Breaking the Layer 2 Boundary
Imagine a scenario common in modern enterprise data centers: You need to migrate a virtual machine (VM) from Rack A to Rack Z without changing its IP address or dropping its active connections. To do this, Rack A and Rack Z must be on the exact same Layer 2 subnet.
Historically, engineers achieved this by extending VLANs across the entire network using trunk links. However, stretching Layer 2 across a large campus relies on Spanning Tree Protocol (STP), which blocks redundant paths, wastes bandwidth, and risks catastrophic broadcast storms.
In 2026, the era of massive AI inference clusters and hyper-converged infrastructure, the traditional VLAN is officially a bottleneck. Enter VXLAN (Virtual eXtensible LAN). In this technical guide, the certified engineers at Network-Switch.com demystify VXLAN, explain the magic of BGP-EVPN, and show you how to design a scalable multi-vendor fabric.
What is VXLAN? (The MAC-in-UDP Magic)
At its core, VXLAN is a tunneling protocol. It takes an original Layer 2 frame generated by a server and wraps it inside a Layer 3 UDP packet. This process is known as MAC-in-UDP encapsulation.
Because the packet is now a standard IP packet, it can be routed across your core network using Equal-Cost Multi-Path (ECMP)-taking full advantage of all available physical links without Spanning Tree getting in the way.

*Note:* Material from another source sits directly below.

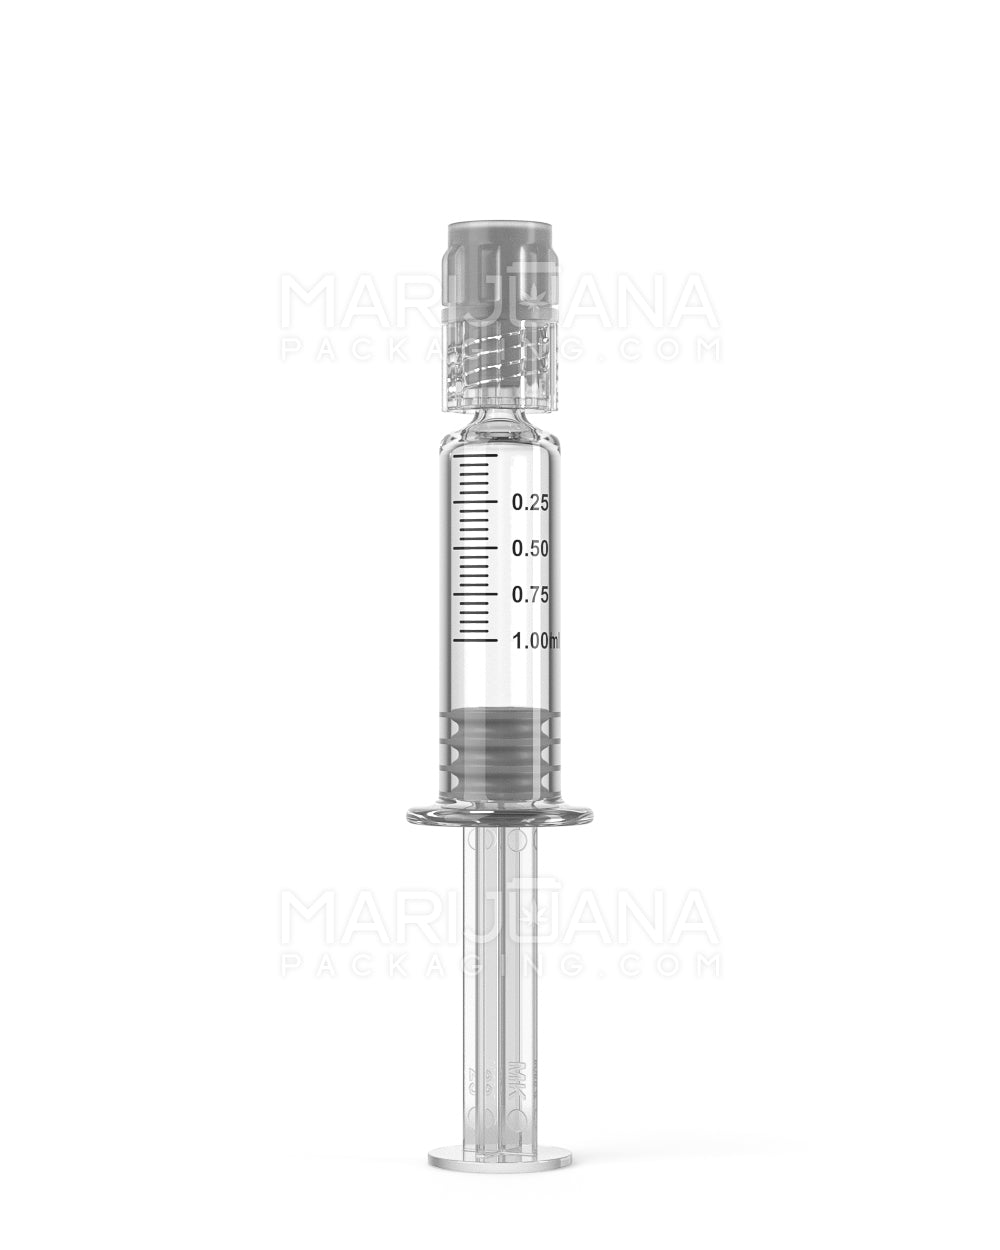 Luer Lock | Glass Dab Applicator Syringes | 1mL - 0.25mL Increments - 100 Count - 1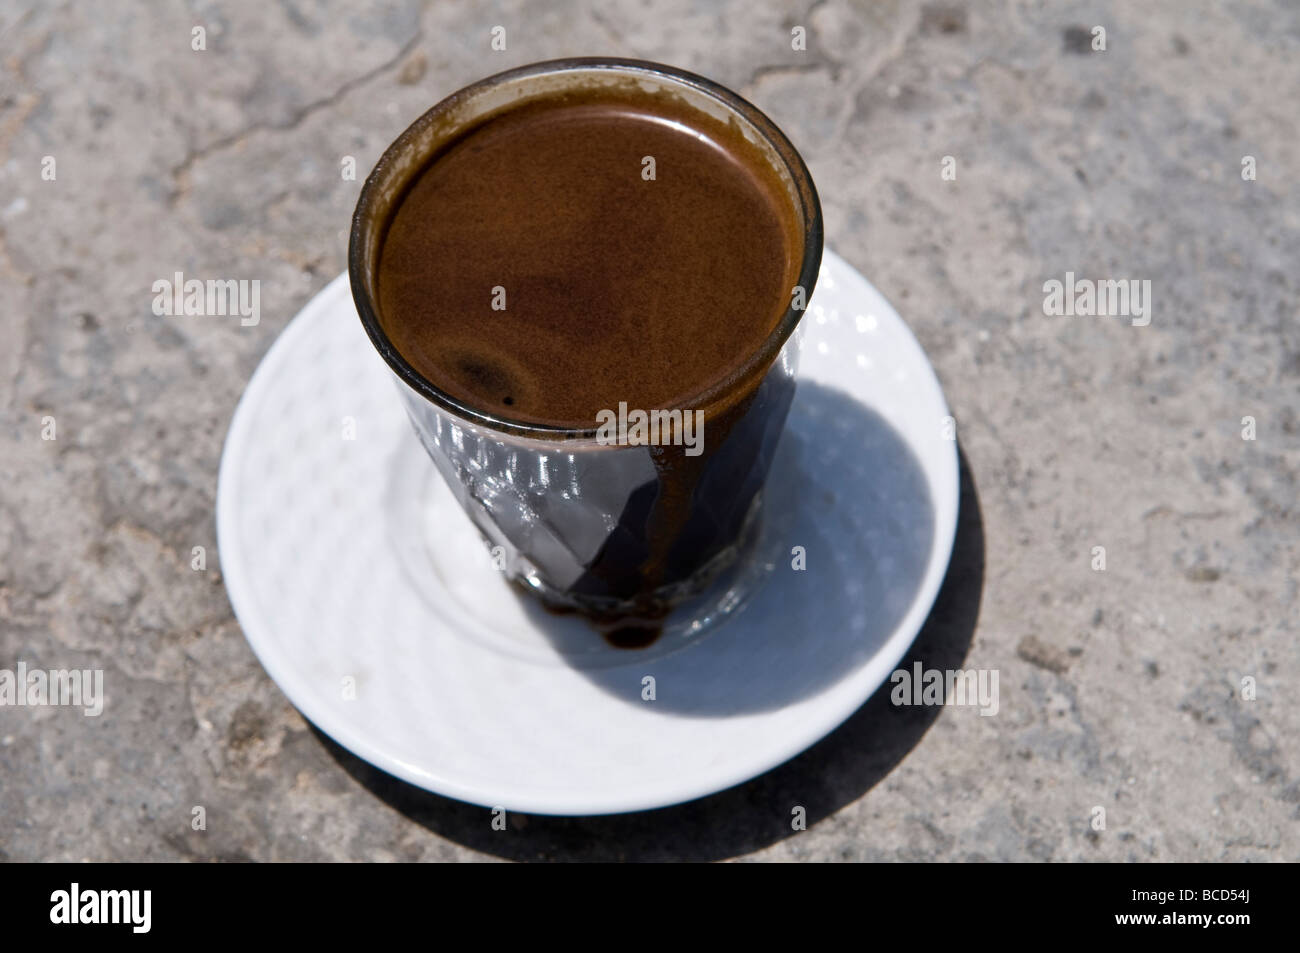 A cup of black Arabic coffee. Stock Photo

To make this work, VXLAN introduces two critical hardware concepts:
- VTEP (VXLAN Tunnel End Point): The hardware (usually a Top-of-Rack Leaf switch) responsible for encapsulation and decapsulation.
- VNI (VXLAN Network Identifier): The VXLAN equivalent of a VLAN ID, utilizing a 24-bit space to allow for 16 million unique networks.
Feature Comparison: Traditional VLAN vs. Modern VXLAN
| Feature | Traditional VLAN | Modern VXLAN (BGP-EVPN) |
| Network Scale | Max 4,096 segments | Max 16 million VNIs |
| Layer 2 Protocol | Spanning Tree (STP) - Blocks links | ECMP - 100% Link Utilization |
| Transport Method | Native Ethernet (Layer 2) | UDP Encapsulation (Layer 3) |
| Workload Migration | Limited to physical broadcast domains | Seamless cross-rack, cross-region migration |
Underlay vs. Overlay Networks Explained
To understand VXLAN, you must separate the physical network from the logical network.
The Architectural Metaphor:
The Underlay is the physical highway, while the Overlay is the private express lane for your VMs.
The Underlay Network (The Physical Highway):
This is your actual hardware-the fiber optic cables, the Huawei Spines, the NSComm Leafs. The Underlay is strictly a Layer 3 routed network. It uses protocols like OSPF or BGP to establish IP connectivity. The Underlay doesn't know anything about MAC addresses or VMs; its only job is to move IP packets from Switch A to Switch B as fast as possible.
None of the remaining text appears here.